As Ford's manufacturing plants grew in size, owners and executives became distant from their workers and their problems, leading to strong union organizing efforts to address worker grievances that eventually resulted in strikes and distrust on both sides. With help from the federal government, unions finally established a legal role in their dealings with Ford, representing labor's position on the many issues that affected Ford's workers.

Ford's assembly line process spread rapidly to other auto manufacturers and then to producers of many other products. So did the unions, representing other workers with their management problems. Eventually, the federal government passed such laws as the

National Labor Relations Act of 1935 and the Taft-Hartley Act of 1947 that formalized the labor-management ground rules and established the National Labor Relations Board to mediate disputes. These developments created an entirely new environment for corporations after the Second Industrial Revolution.

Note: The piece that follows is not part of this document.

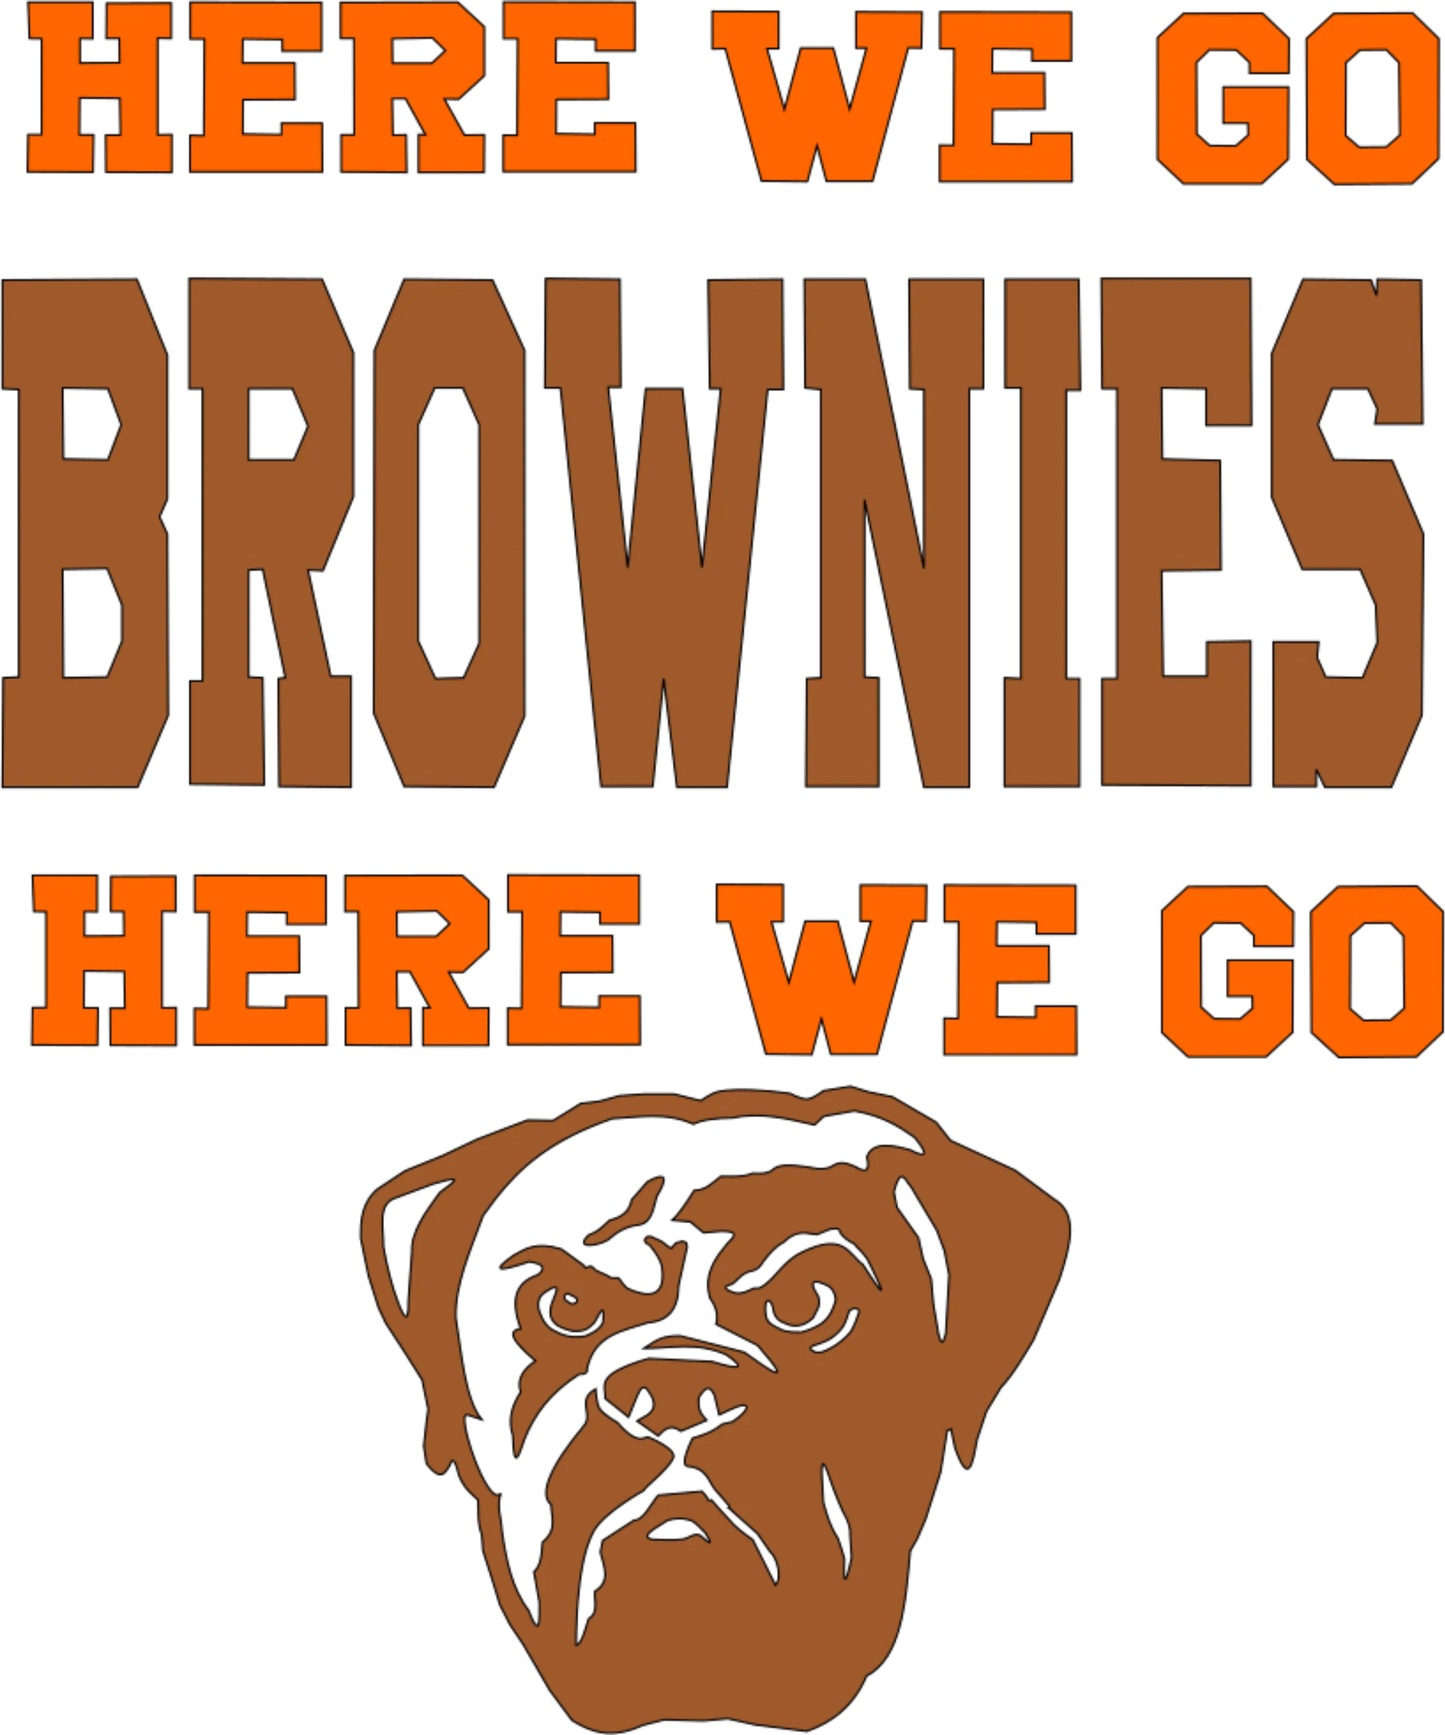 CLB6 - "Here we go Brownies" DTF Transfer, DTF Transfer, Apparel & Accessories, Ace DTF

The parade of new consumer goods brought to market during the 20th century has been phenomenal. New products for the home, most notably stoves, refrigerators, dishwashers, washing machines and dryers, and automatic furnaces and air conditioners, have transformed the home. New recreational products like telephones, cameras, radios, televisions, record players, and golf carts, have changed how people play. New products for industry, particularly synthetic materials, welding machines, testing machines, and office machines, have changed the workplace. The introduction of computers, telecommunications, and automation products has brought even more substantial change to Americans. All had their roots in the new technologies created during the first and second

phases of the Industrial Revolutions.

However, the rapid industrial growth is beginning to cause serious natural resource shortages and environmental problems.

Excessive use of the world's nonrenewable resources, particularly coal, oil, water, and ore deposits, will be a growing problem during the 21st century. Also, pollution of the land, water, and air by factories and the products they produce can create serious health problems. Creative solutions to these major challenges will be needed if America is to continue to grow.

There is no denying that the two revolutions, known collectively as the Industrial Revolution but actually composed of two significant phases, have prompted fundamental change in the lives of Americans, mostly for the better. The computer revolution that followed the Second Industrial Revolution is creating even more opportunities and more challenges, which should continue well into the 21st century.

References:

Clare, John D., ed., Industrial Revolution, 1994; Hunter, Louis C., A History of Industrial Power in the United States, 1780-1930, vol. 2: Steam Power, 1986; Musson, A. E., and Eric Robinson, Science and Technology in the Industrial Revolution, 1989; Stearns,

Peter N., The Industrial Revolution in World History, 1993.